Transcribe all data verbatim. Skip the pictures.

* _DATA SEGMENT_
####################
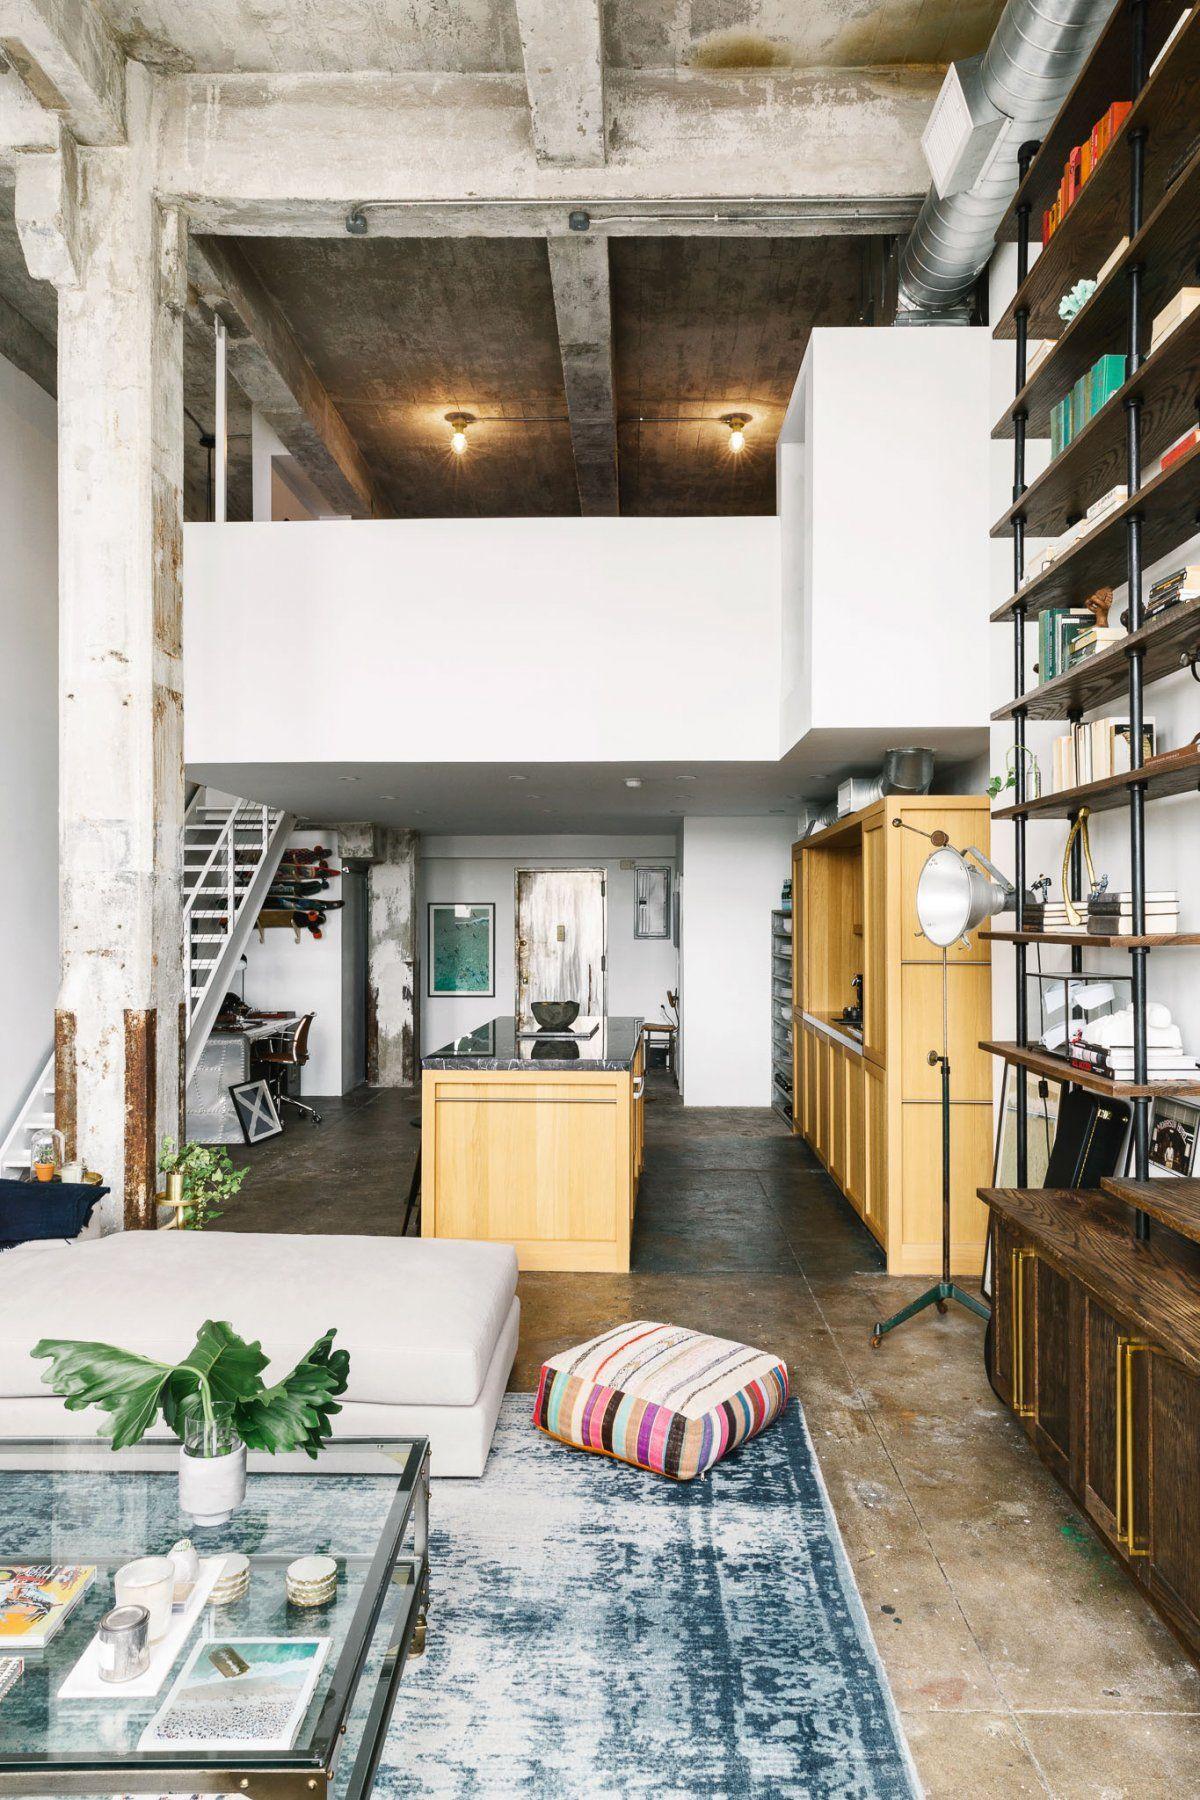 Take A Look Inside The Brooklyn Loft Of A Wall Streeter Turned Fragrance Entrepreneur Loft Apartment Decorating Loft Apartment New York Loft
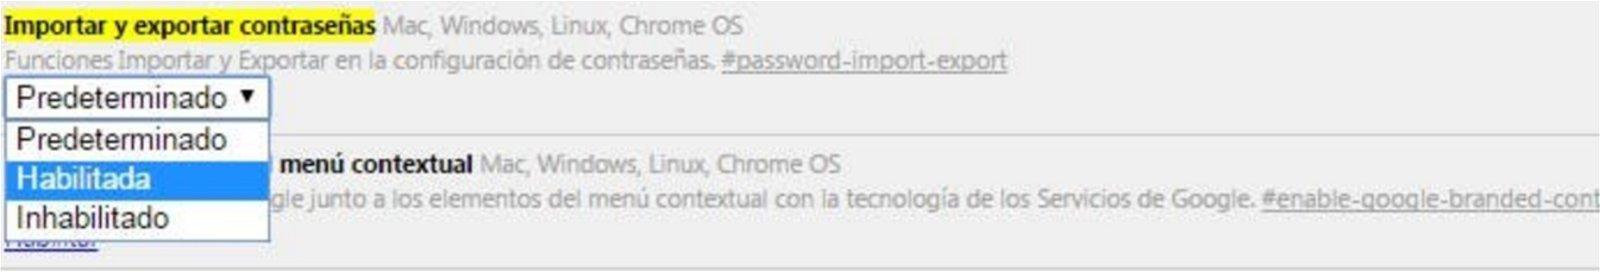 Exportar pwd chrome
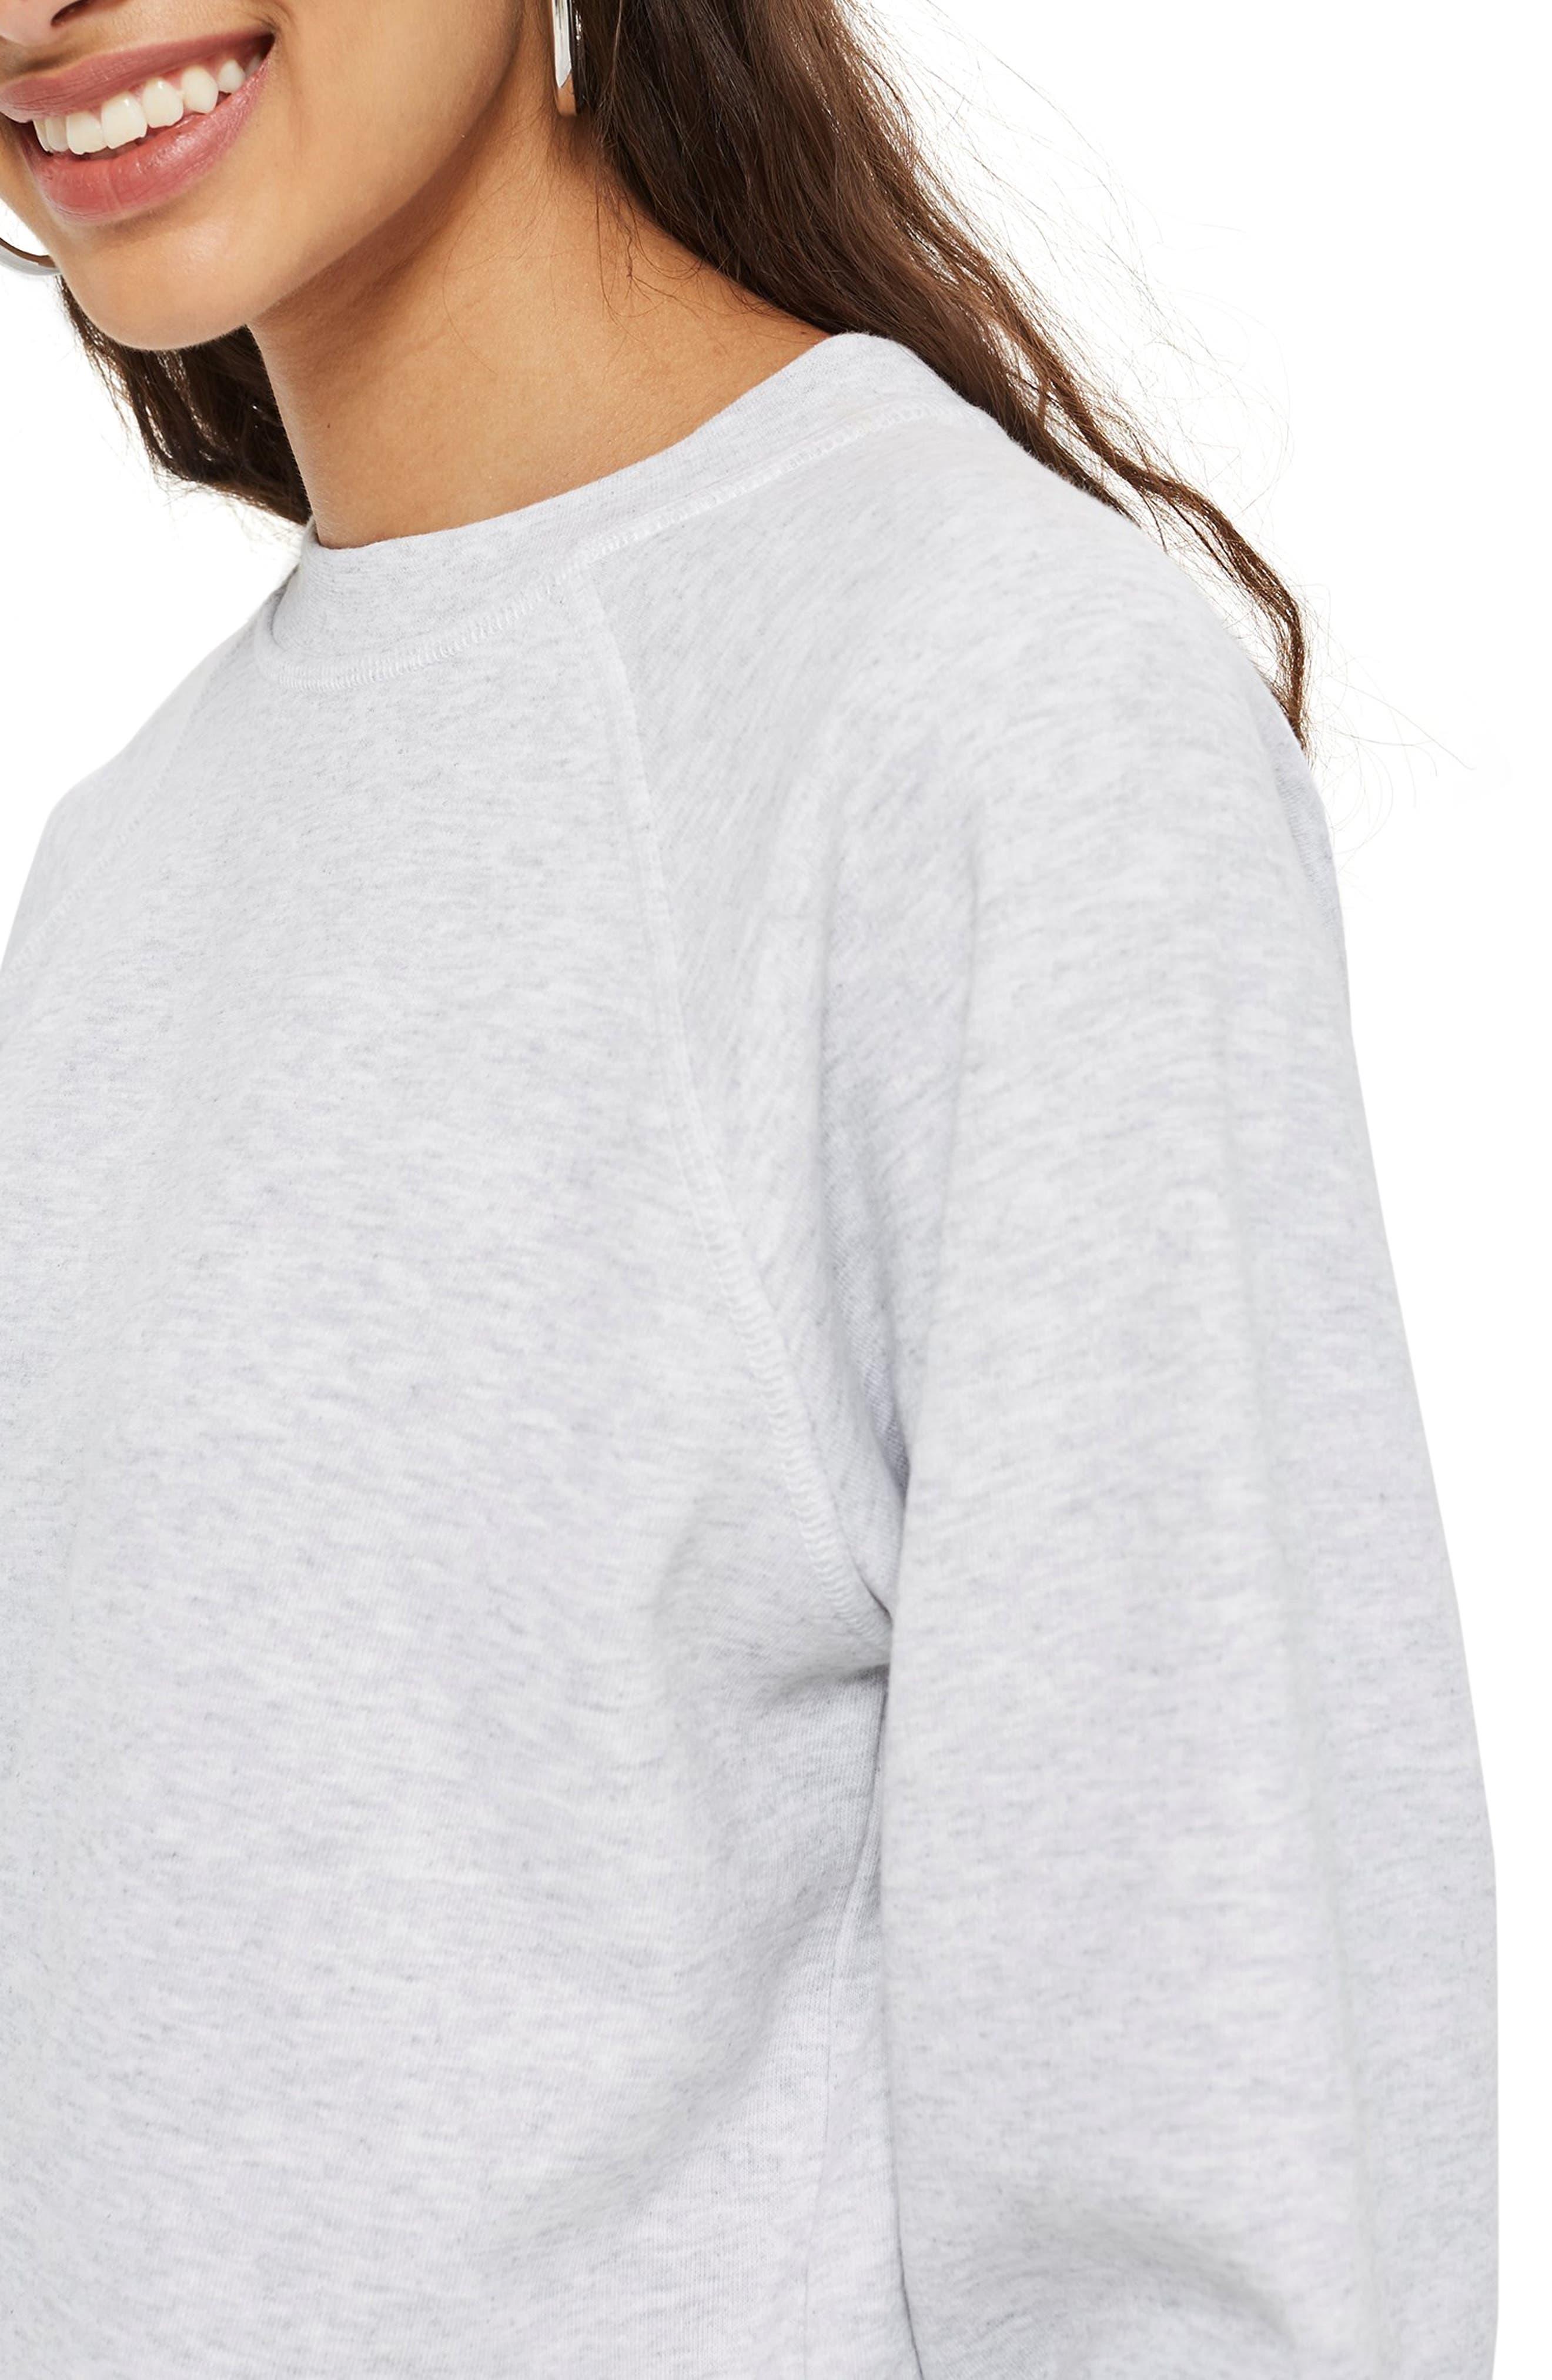 TOPSHOP, Crewneck Sweatshirt, Alternate thumbnail 3, color, 020
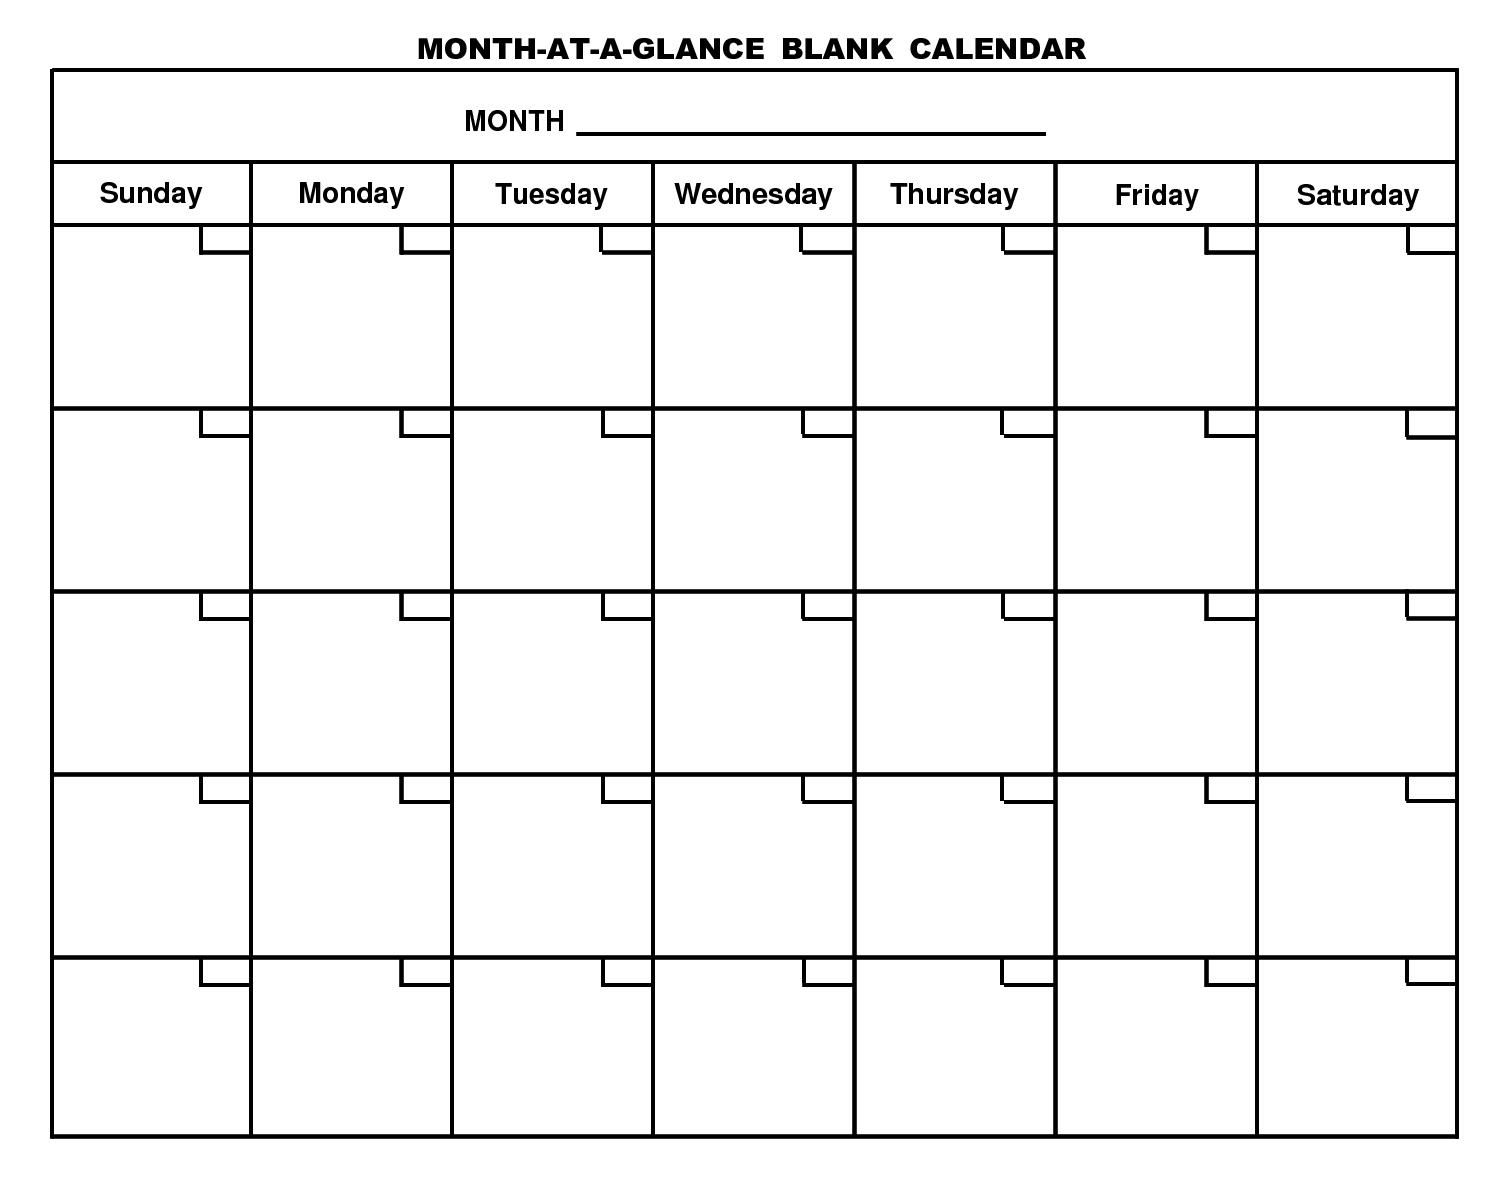 Printable Blank Monthly Calendar | Blank Calendar Pages
####################
* _REPLY_
 Take A Look Inside The Brooklyn Loft Of A Wall Streeter Turned Fragrance Entrepreneur Loft Apartment Decorating Loft Apartment New York Loft
 Exportar pwd chrome
 TOPSHOP, Crewneck Sweatshirt, Alternate thumbnail 3, color, 020
 Printable Blank Monthly Calendar | Blank Calendar Pages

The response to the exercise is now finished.